5.23.2008

Cue the Wild Applause

Let's Give it Up for the Class of '08!
I had my last day of high school class today. I should be thrilled. I hate high school class. But in all honesty, I’m kind of sad. How in the hell can I be done with high school? I’ve spent four years at Arrupe Jesuit, and granted, a good amount of my time there has been pretty torturous, but even so, I’ve come to really love that place. In spite of all the bitchy friends, crappy math teachers, and crippling amounts of homework, it really breaks my heart to be leaving. I spent my whole freshman year there as an awkward and friendless misfit. Now I actually feel like I belong. I still hate it sometimes, but I’m at home there. I’m comfortable with the people. I no longer worry so much about the way I act around them, and I’m not obsessed with making people like me. My entire class of 55 kids has grown close enough over these past four years that most of us are pretty damn comfortable with each other. We know each other, and as my classmate Adrian said at our senior retreat, we’ve all got each others’ backs, and we all know that. At school, I’m happy just chillin’ anywhere at all—in the gym watching boys shoot hoops, in the lobby joking with whoever else might be there waiting for their Mom to pick them up, or on the bus laughing my ass off on the way to work. I love most of my classmates at and even some of the teachers. It’s so frightening and shocking to be leaving them all behind.

This isn’t to say that I’m not excited for my future…I am. It’s just that I know virtually nothing about it. I know I’m going to DU. And I
plan on studying writing. But aside from that, I know absolutely nothing about what my life will become. I’m saying goodbye to almost everyone I know. I certainly hope to keep in touch with my closest friends, but there’s no way our relationships are going to be the same as they are now. We won’t be able to talk through math class or waste time in the computer lab anymore. We will no longer spend hours on the school bus together or laugh our asses off at lunch while picking at DJ the lunch lady’s infamous “tater tot casserole” or glorious “chocolate surprise.”

I don’t know how much I’ll miss high school…but I will definitely remember its high points. Today, for instance, we seniors were pretty excited that it was our last day of class. While the community aspect of school is fabulous, the academic part sucks. So we were pretty damn glad to know that we would never again have to sit through another treacherous 65 minutes of high school calculus.

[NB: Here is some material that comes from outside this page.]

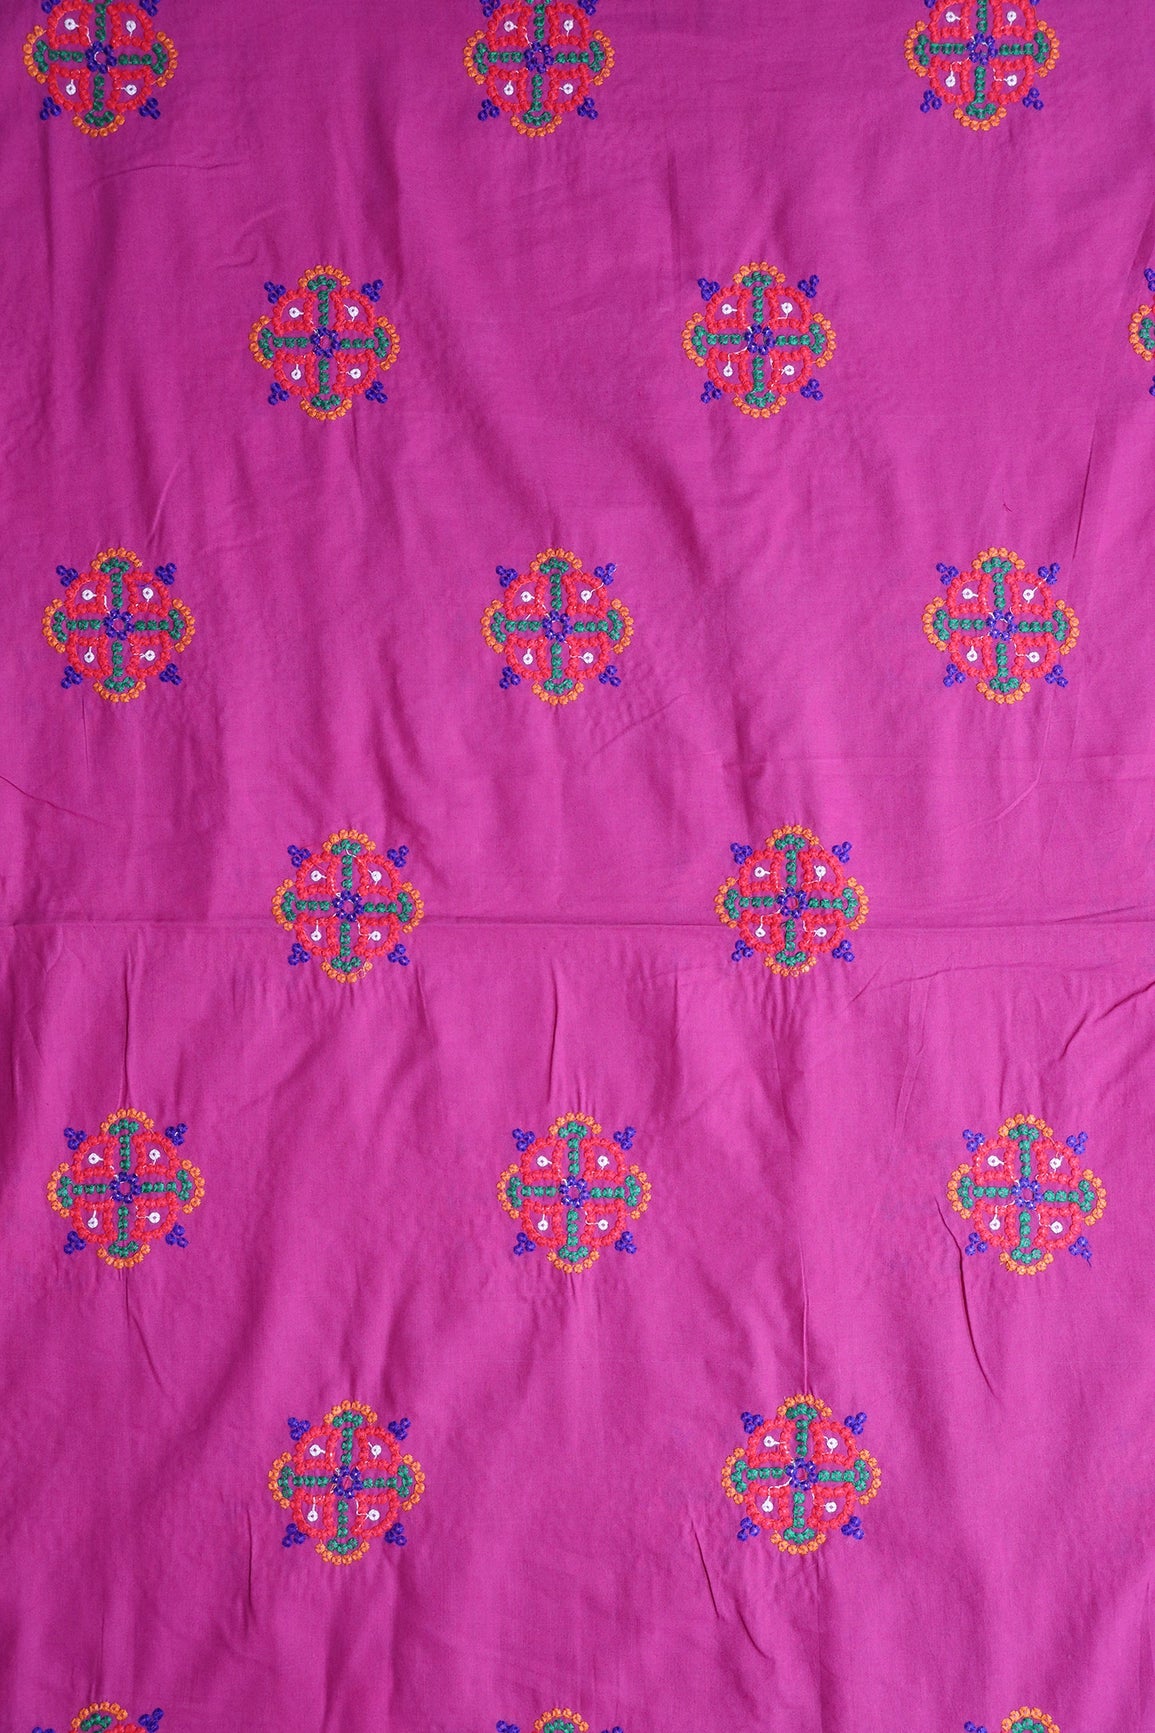 Multi Thread Floral Embroidery On Fuchsia Cotton Fabric
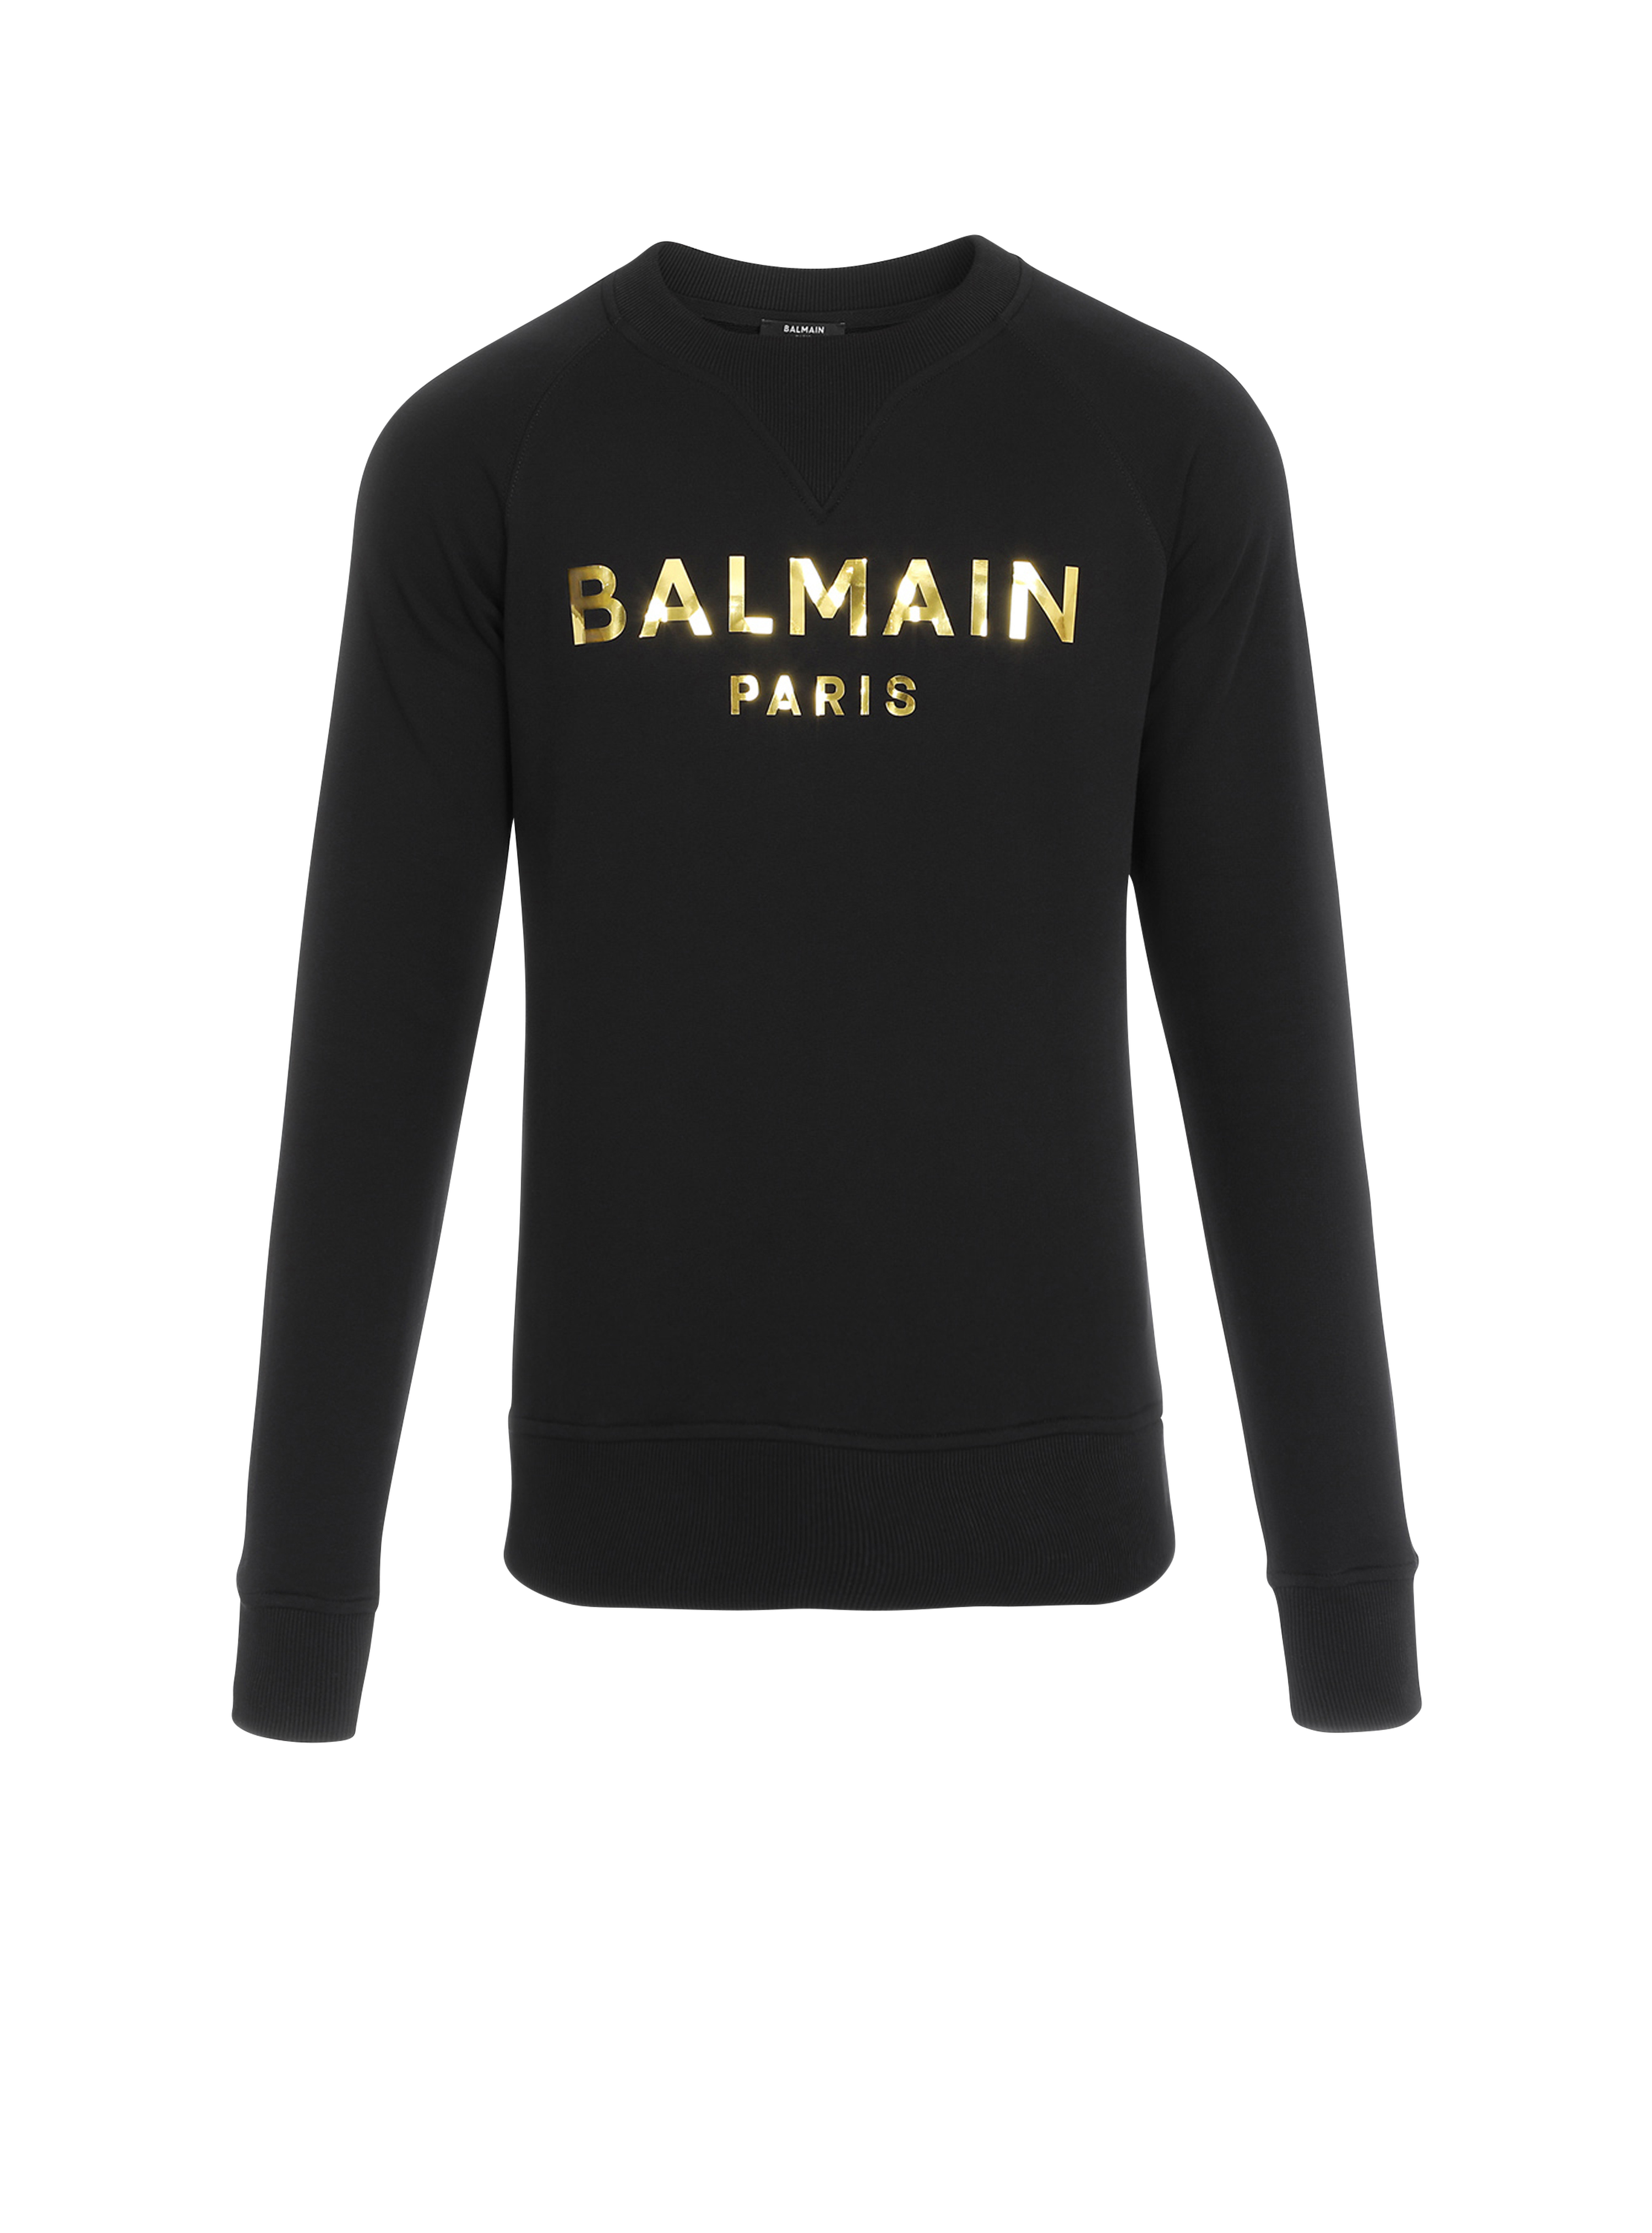 Eco-designed cotton sweatshirt with Balmain Paris metallic logo print, gold

In third period civics, the two social studies teachers I’ve had presented us with mix CDs…full of songs and sound clips from the past four years. Something about hearing the
Neighborhood Map Machine theme song and a stuttering lawyer from the film My Cousin Vinny made me want to cry. High school seems so much more wonderful in retrospect than it does when you’re actually living through it. The past four years were at times a haze of exhaustion and angst, but I think that, overall, I really and truly loved my experience. I’ve turned into one of those people I never thought I would be – the kind of happy girl who loves high school.

Today, as I mentioned, seniors were very happy. In fact, we were ecstatic. We spent most of the day cheering. Literally. My classmates have become very fond of applause in the past few months. I like to think that this clapping obsession started when I won “The General’s Award” for volleyball. When our athletic director approached me at the beginning of a theology class to give me my award, my hyperactive class erupted into wild cheers, which continued for about 10 minutes. They even started excitedly chanting my name –- all for me having a good attitude
on the volleyball team. When the cheering finally began to subside, Mr. Lovinguth the athletic director came back into our classroom with the letter that I’d also earned. The classroom exploded once again with whooping and screaming.

Most of us got detention that day.

Since then, Arrupe’s class of 2008 has been full of enthusiastic cheerers. A few days ago, as my civics teacher walked through the crowded cafeteria, senior Victor Soto loudly announced, “Mr. Dexter, everybody!!” The senior class cheered like we’d just won the lottery as Mr. Dexter humbly grinned and waved his way through the cafeteria.

So we like cheering. And we’ve gotten really good at it. We spent most of our lunch period today cheering for most of the teachers who walked by, except for the assistant principal who strutted through the cafeteria like he was
expecting applause. We cheered through fifth and sixth periods. We cheered after school, whooping and screaming, “OH-EIGHT! OH-EIGHT! OH-EIGHT!” Some girls even paraded with our Dean of Students, running wildly through the hallways after the last bell.

Then seniors started going home, the insanity subsided, and I realized,
Wow. I’m kind of sad. I’m just about done with high school. And I’m totally stunned.



2 comments:

Anonymous said...

That was really good stuff.
I wish I didn't have to leave before 4th Pd.
I had to go to my mom's Graduation from C.U. College of Nursing.
Sounds like you guys had a few shenanigans!
-Joe T.

Anonymous said...

you know how people have "friends" on myspace? is there anything like that on here? you know, so I can see the blogs of people I know whenever I want?